### PROBLEM DETAILS:
Exclude the pictures and repeat all of the data exactly.

### STORED DATA:
───
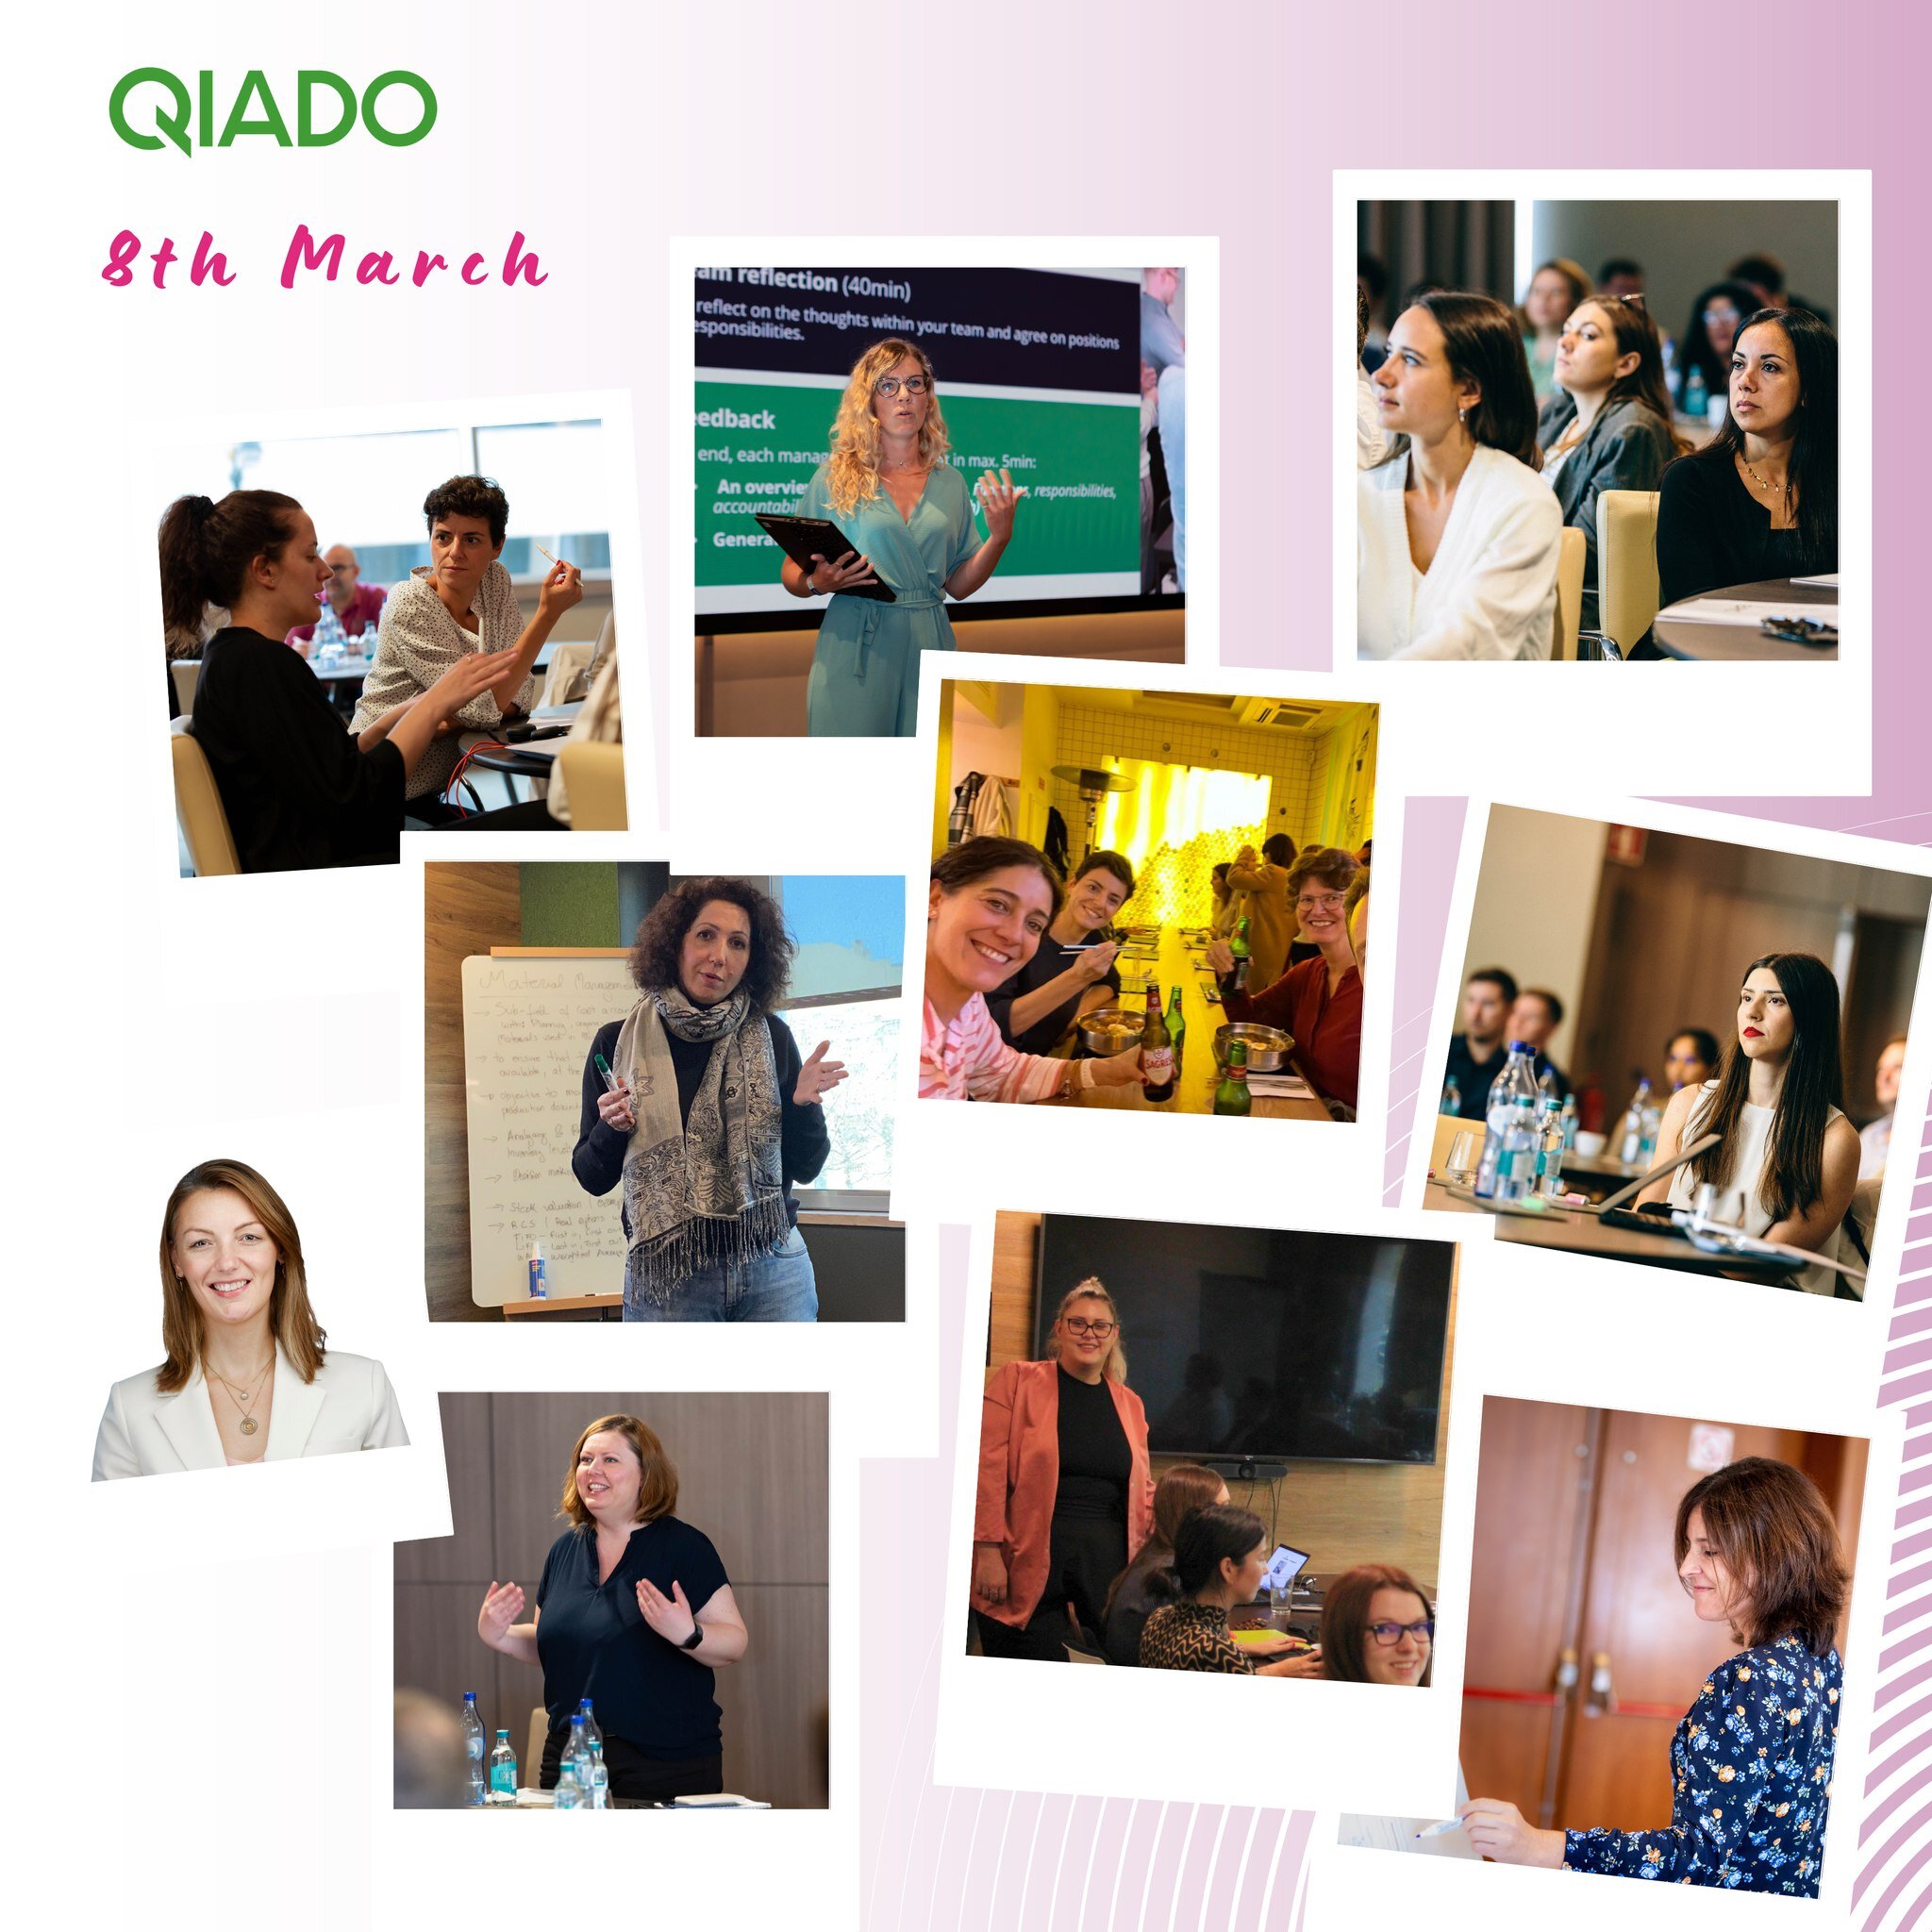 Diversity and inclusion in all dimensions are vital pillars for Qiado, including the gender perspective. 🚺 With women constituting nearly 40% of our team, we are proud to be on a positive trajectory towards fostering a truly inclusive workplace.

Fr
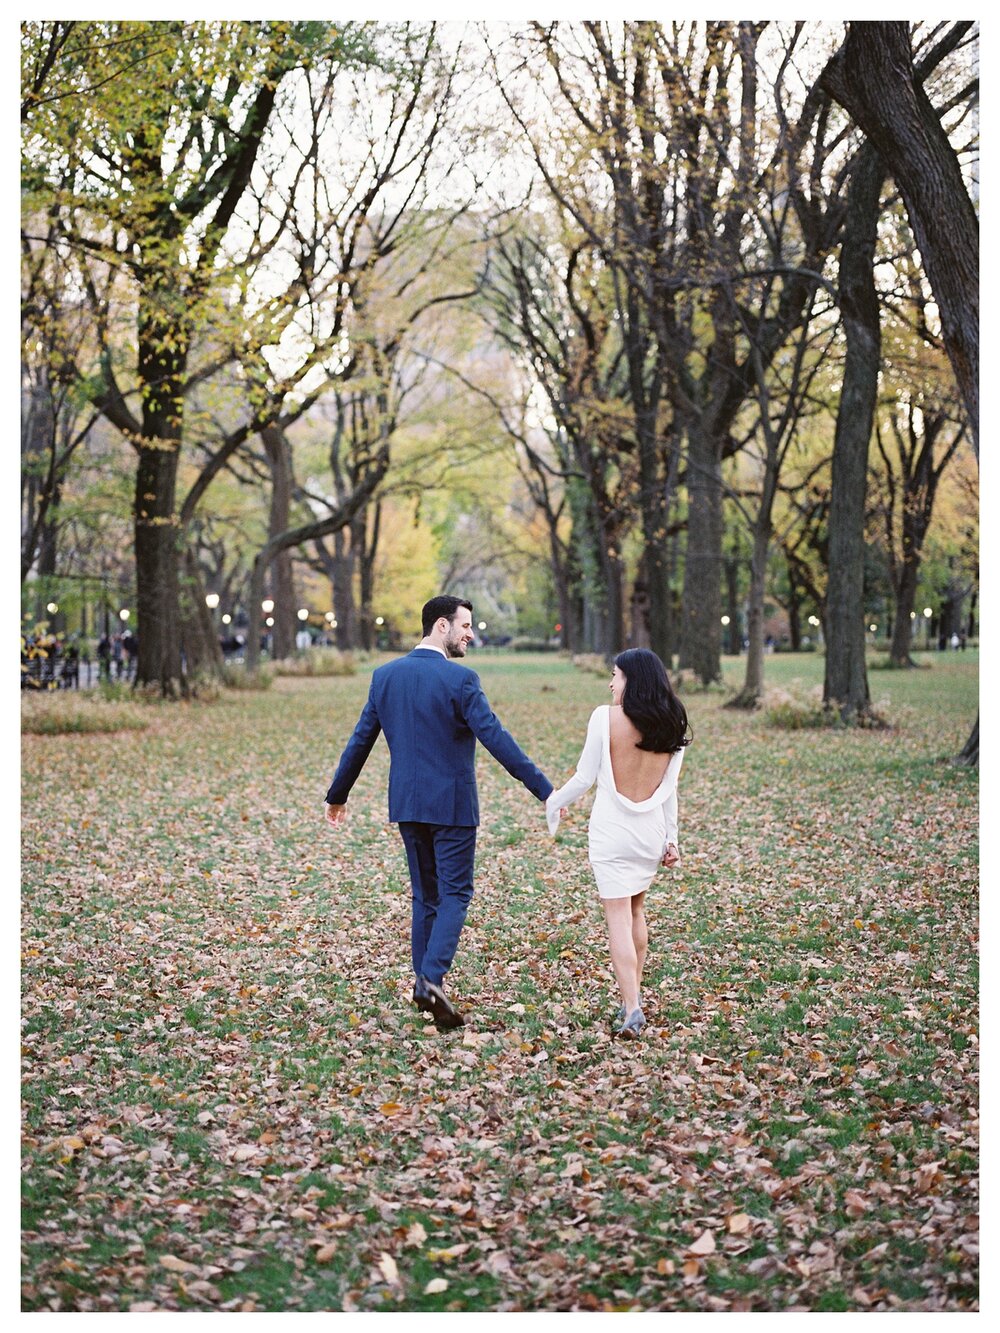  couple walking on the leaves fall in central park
───
### SOLUTION:
 Diversity and inclusion in all dimensions are vital pillars for Qiado, including the gender perspective. 🚺 With women constituting nearly 40% of our team, we are proud to be on a positive trajectory towards fostering a truly inclusive workplace.

Fr
  couple walking on the leaves fall in central park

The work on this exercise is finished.